We cannot build peace without the voices for peace in government.

By Kelsey Coolidge

At his inauguration in January, President Trump suggested that his greatest legacy will be that of a peacemaker and uniter. Many Americans voted for the President because they believed he would end U.S. involvement in foreign wars.

Exit polls show that foreign policy issues like the wars in Gaza and Ukraine influenced American voters in 2024. For example, one-third of voters reported that the war in Gaza, “was highly important in their choice of presidential candidate.” In the swing state of Michigan, Muslim voters rejected Harris in favor of third-party candidates or Trump.

the oval office in the white house

Americans are tired of war. As a millennial, my life is bookmarked by the global war on terror, the loud wars in Iraq and Afghanistan, the quiet wars in places like Somalia and Yemen (where U.S drone strikes have killed thousands), and, today, the wars in Ukraine and Gaza. I’ve dedicated my professional life to non-partisan and non-profit work that analyzes the drivers of war and the opportunities for peace.

That work is under attack by the “peace” President. This dismantling of the United States Agency for International Development (USAID), the United States Institute of Peace (USIP), and incoming reports of a diminished State Department are proof that peace is not the priority. All signs point to a continued, escalated, bloated budget for U.S. military spending.

I think it’s important that we think critically about what can feasibly end wars and build peace. It matters how we understand these issues, what we demand of our current elected leaders, and how we choose new leaders in the future.

It starts with these questions.

Do you think we end wars by investing trillions of dollars in military spending?   

Do you think we end wars by systematically gutting the only institutional voices for diplomacy, cooperation, dialogue, and conflict resolution (USAID, USIP, or State)? 

I think this is a recipe for war.

Imagine what the decision-making process is in responding to a security crisis (a good book that shows insight to what this process looks like inside government is Thirteen Days by Robert F. Kennedy). A President brings together top advisors to weigh options. Military leaders come with a litany of military responses. Diplomats come with a litany of diplomatic responses. Usually, the response blends the two approaches.

If we’re only investing in military spending, the scales of the decision-making process are skewed away from diplomacy and other peaceful responses, increasing the probability of war.
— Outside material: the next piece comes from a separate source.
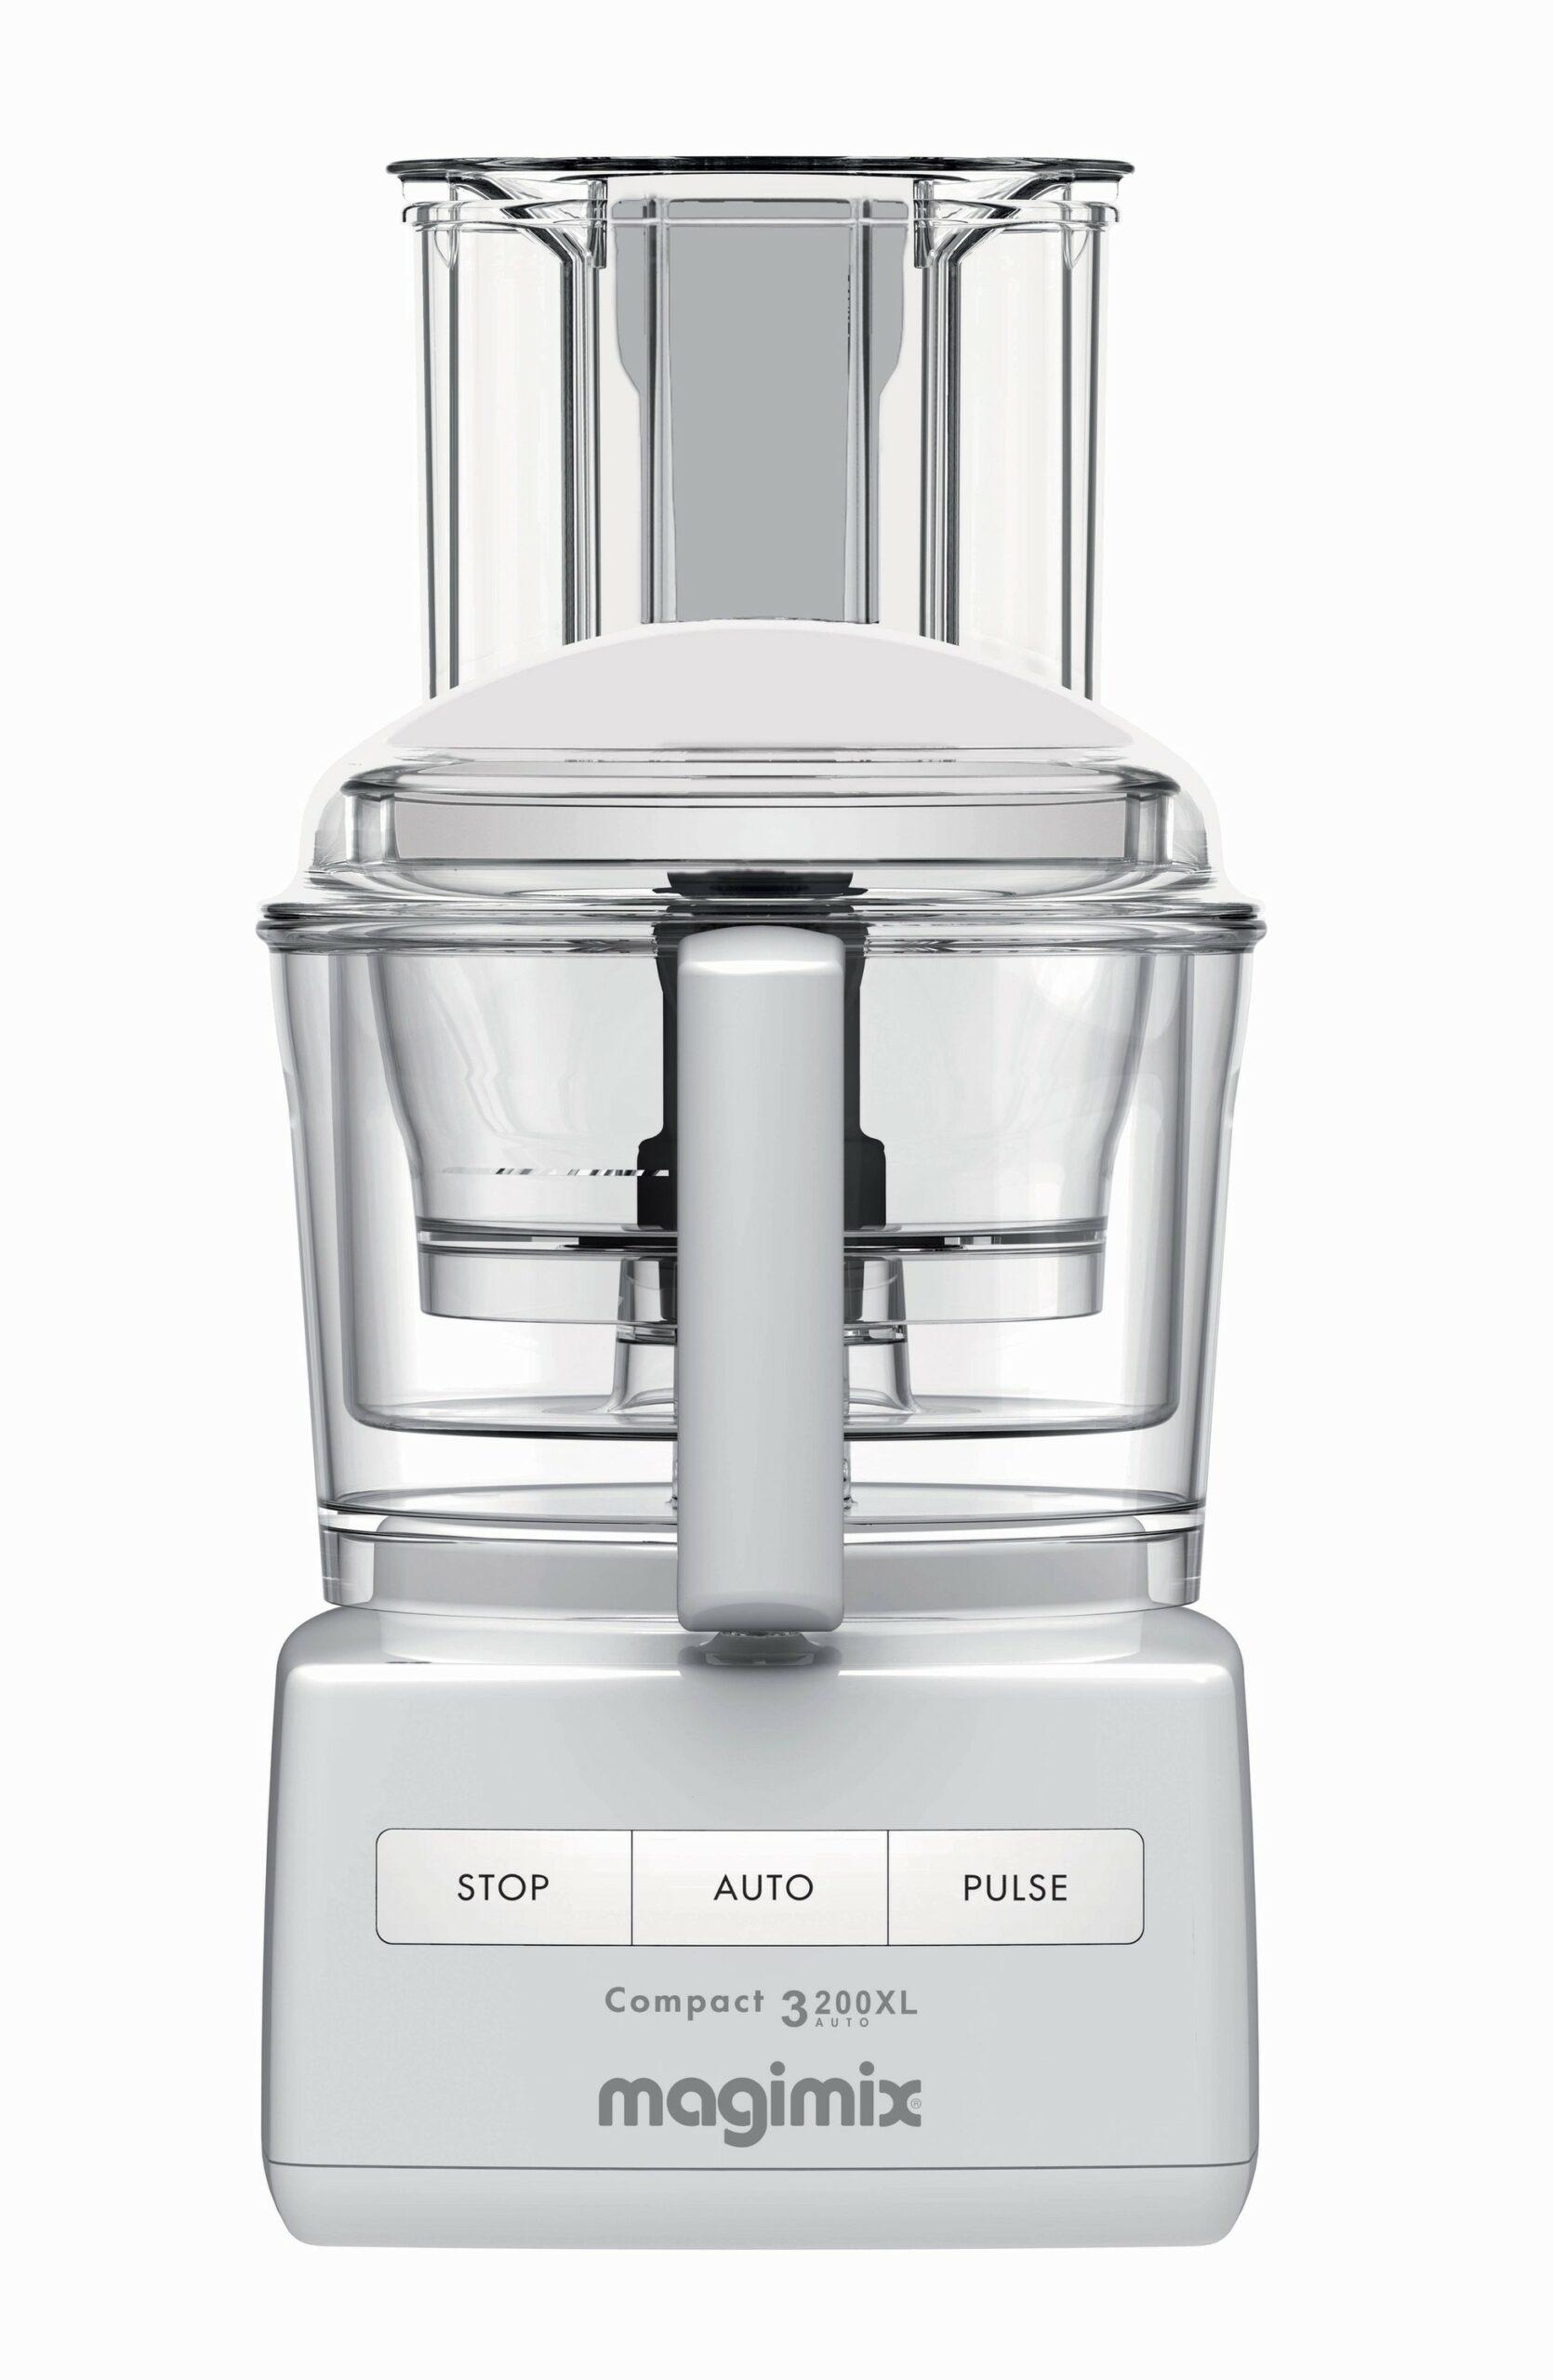 Magimix 3200XL Food Processor White

Military leaders will come to the table with a vast workforce of analysts, intelligence officers, and strategists creating thoroughly vetted military solutions. They come with $trillions in weapons systems and an expansive global network of more than 800 overseas bases and ships primed for action—the means and capability for fast and deathly force.

Diplomats come to the table with far less: a depleted and demoralized workforce of foreign service officers, isolation from global allies who are less and less likely to play nice with us, the erasure of tools like development assistance and humanitarian aid, and cut-off from global institutions of influence, like the United Nations. They come to the table with fewer viable options.

More simply, when the tool you have is a hammer (the military), everything looks like a nail (a war).

We cannot build peace without the voices for peace in government. We also need strong voices outside of the government to advocate for pro-peace policies. Peace movements, non-profit or non-governmental organizations, and the charitable foundations that support them are all involved in this work. These civil society organizations do more to represent a war-weary American public than a government that cuts all funding for peace.


Kelsey Coolidge is the Director of the War Prevention Initiative of the Jubitz Family Foundation.